# Today's Ties...



## River Hooligans (Dec 26, 2012)

A few flies from the vice this afternoon...


----------



## Chris V (Oct 18, 2007)

I love that crab tie! Great looking stuff


----------



## River Hooligans (Dec 26, 2012)

Thanks man, appreciate it.


----------



## MerkDeez (Nov 20, 2011)

those last two flies... What is it called? I could really use that in my box


----------



## River Hooligans (Dec 26, 2012)

Those are my take on Tim Borski's Butterfly, real easy tie and a ton of movement in the water.


----------



## River Hooligans (Dec 26, 2012)

Here's a few more...


----------



## CaptHarry (Oct 13, 2007)

Nice!!


----------



## ditz (Apr 22, 2012)

> those last two flies... What is it called? I could really use that in my box


Is that collar marabou and hackle or???


----------



## tmber8 (Mar 2, 2011)

Beautiful flies! I would like to have plopped those crabs in front of a couple sheephead on Saturday.
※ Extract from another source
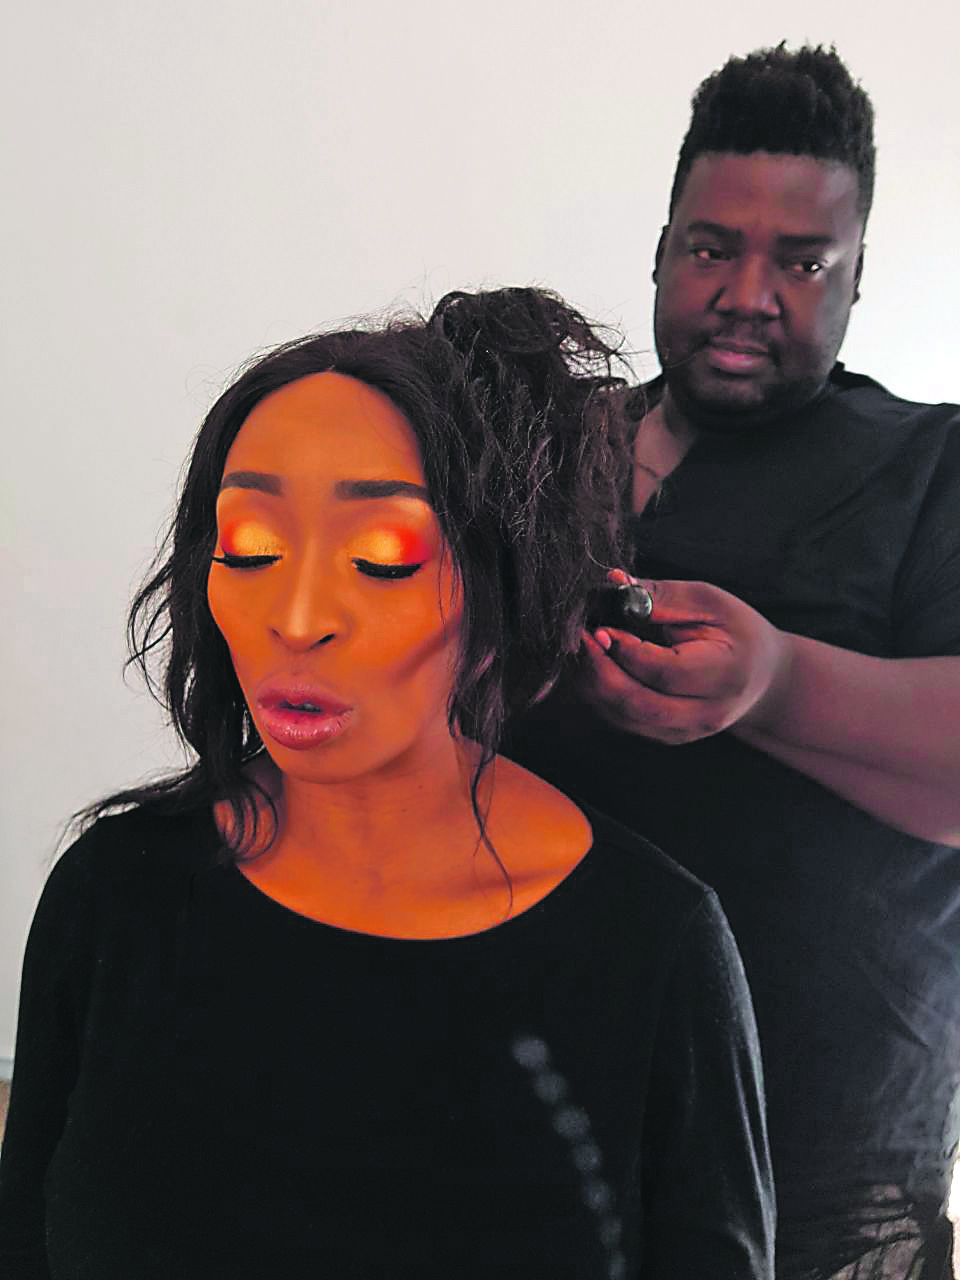 Kabelo Pusoe (right), who worked on presenter Khabonina Qubeka’s hair, claims he is owed R2 000.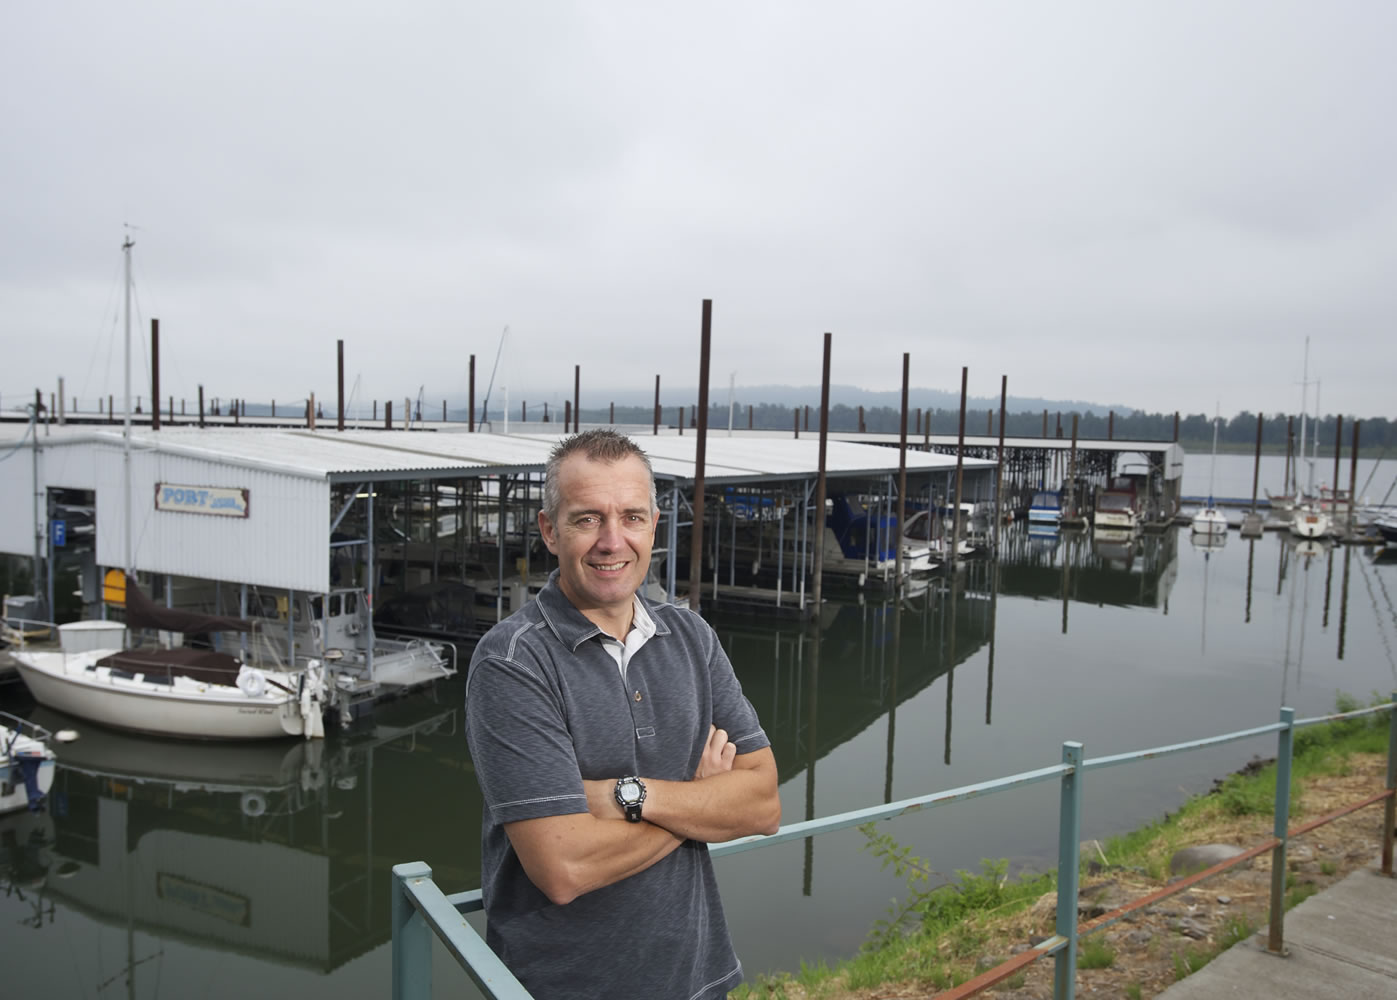 Speaking of the Port of Camas-Washougal's plan to revitalize a waterfront property, including building new recreational facilities, David Ripp, the port's executive director, says: &quot;We're taking taxpayer dollars and doing something taxpayers want to see and will be able to utilize.&quot;

They sure weren't eating what I was offering.


----------



## Charlie2 (Oct 2, 2007)

*Flies*

Some very excellent work! C2


----------



## River Hooligans (Dec 26, 2012)

ditz said:


> Is that collar marabou and hackle or???



The collar in those are hackle. I just use the bushy part at the bottom of the feather. I have tied a few with marabou as well for some added movement.

Thank a lot guys for the comments. If anyone is ever interested in getting together and tying some bugs let me know.


----------



## DAWGONIT (Jan 16, 2009)

Pretty work there Sir.
Thanks for sharing your passion & craft.


----------



## ditz (Apr 22, 2012)

> If anyone is ever interested in getting together and tying some bugs let me know.


I would sure be interested but sadly I am too far away.

Thanks for the reply. BTW, nice bunch of flies.


----------



## BrandonFox (Jan 31, 2013)

Good looking flies!


----------